= Zhang Jianhui =

Zhang Jianhui (張簡會) was a general of the Chinese Tang dynasty who briefly controlled Lulong Circuit (盧龍, headquartered in modern Beijing) in 872 after the death of his father Zhang Yunshen, who had ruled it as its military governor (jiedushi) in de facto independence from the imperial government.

It is not known when Zhang Jianhui was born. It is known that he was one of Zhang Yunshen's 14 sons, of whom only the names of two others, Zhang Jianzhen (張簡真), who predeceased Zhang Yunshen, and Zhang Jianshou (張簡壽), were known in history.

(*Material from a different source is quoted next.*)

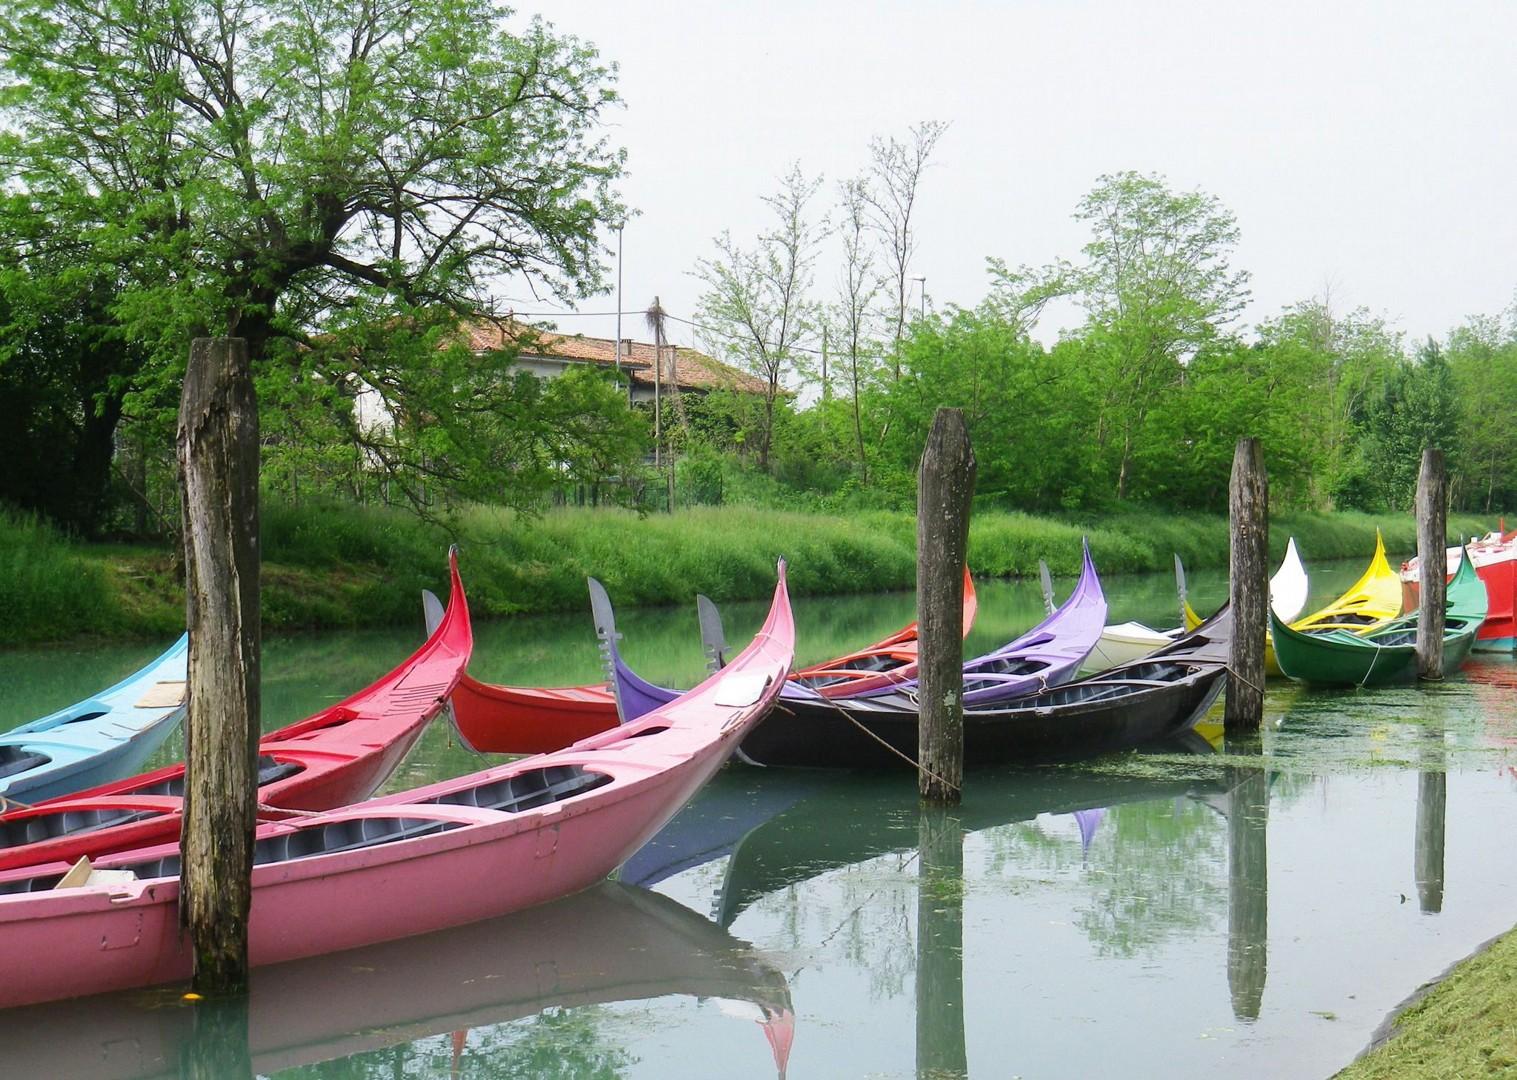 Family-Cycling-Holiday-Lake-Garda-Venice-Italy-gondola-Venice-canal.jpg - Italy - Lake Garda to Venice - Self-Guided Family Cycling Holiday - Italia Leisure and Family Cycling
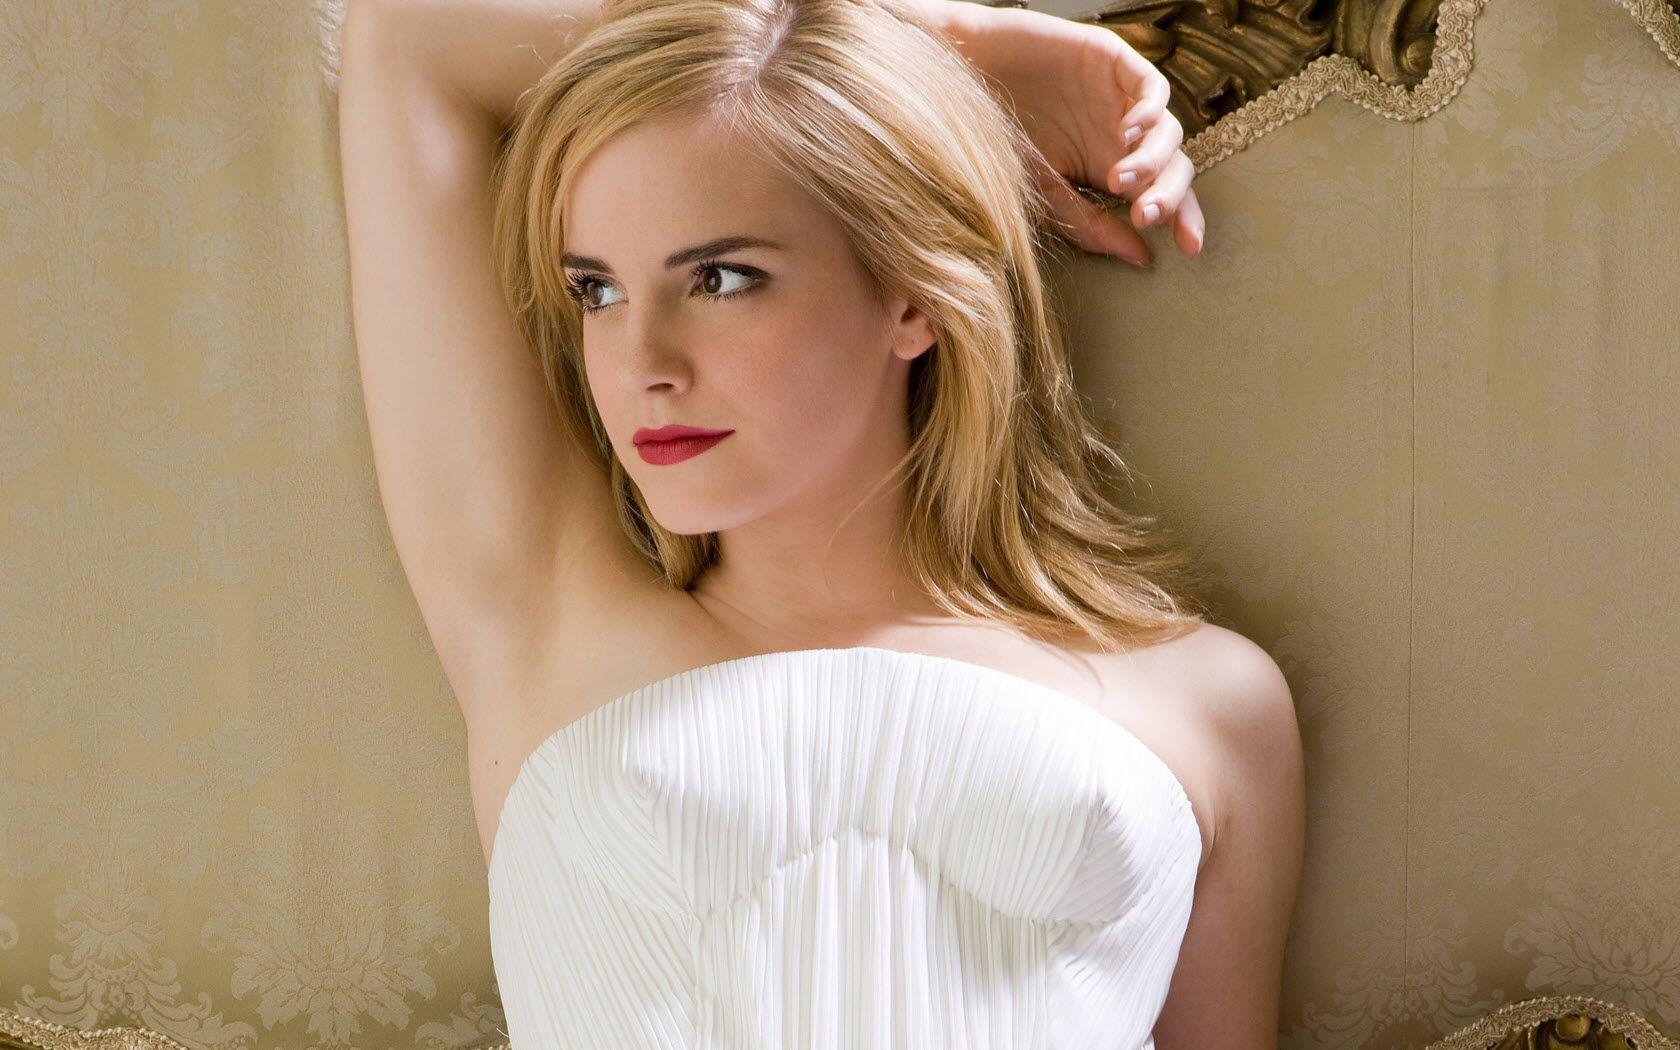 Google themes emma watson - Emma Watson Wallpapers Http Www Firsthdwallpapers Com Emma

In 872, Zhang Yunshen suffered a stroke, and requested to transfer authorities to Zhang Jianhui so that he could be attended to. Then-reigning Emperor Yizong agreed, and commissioned Zhang Jianhui as the acting military governor. Zhang Yunshen soon died. After Zhang Yunshen's death, one of Zhang Yunshen's subordinates, Zhang Gongsu the prefect of Ping Prefecture (平州, in modern Qinhuangdao, Hebei), brought his forces from Ping Prefecture to attend Zhang Yunshen's funeral. As the soldiers of Lulong's capital prefecture You Prefecture (幽州) respected Zhang Gongsu, Zhang Jianhui was fearful of the situation. He thus fled to the capital Chang'an, where he was made a general of the imperial guards. Most of his brothers became military officers under various regional governors. Nothing else is known about the rest of his career, and it is not known when he died.

== Notes and references ==

- Old Book of Tang, vol. 180.
- New Book of Tang, vol. 212.
- Zizhi Tongjian, vol. 252.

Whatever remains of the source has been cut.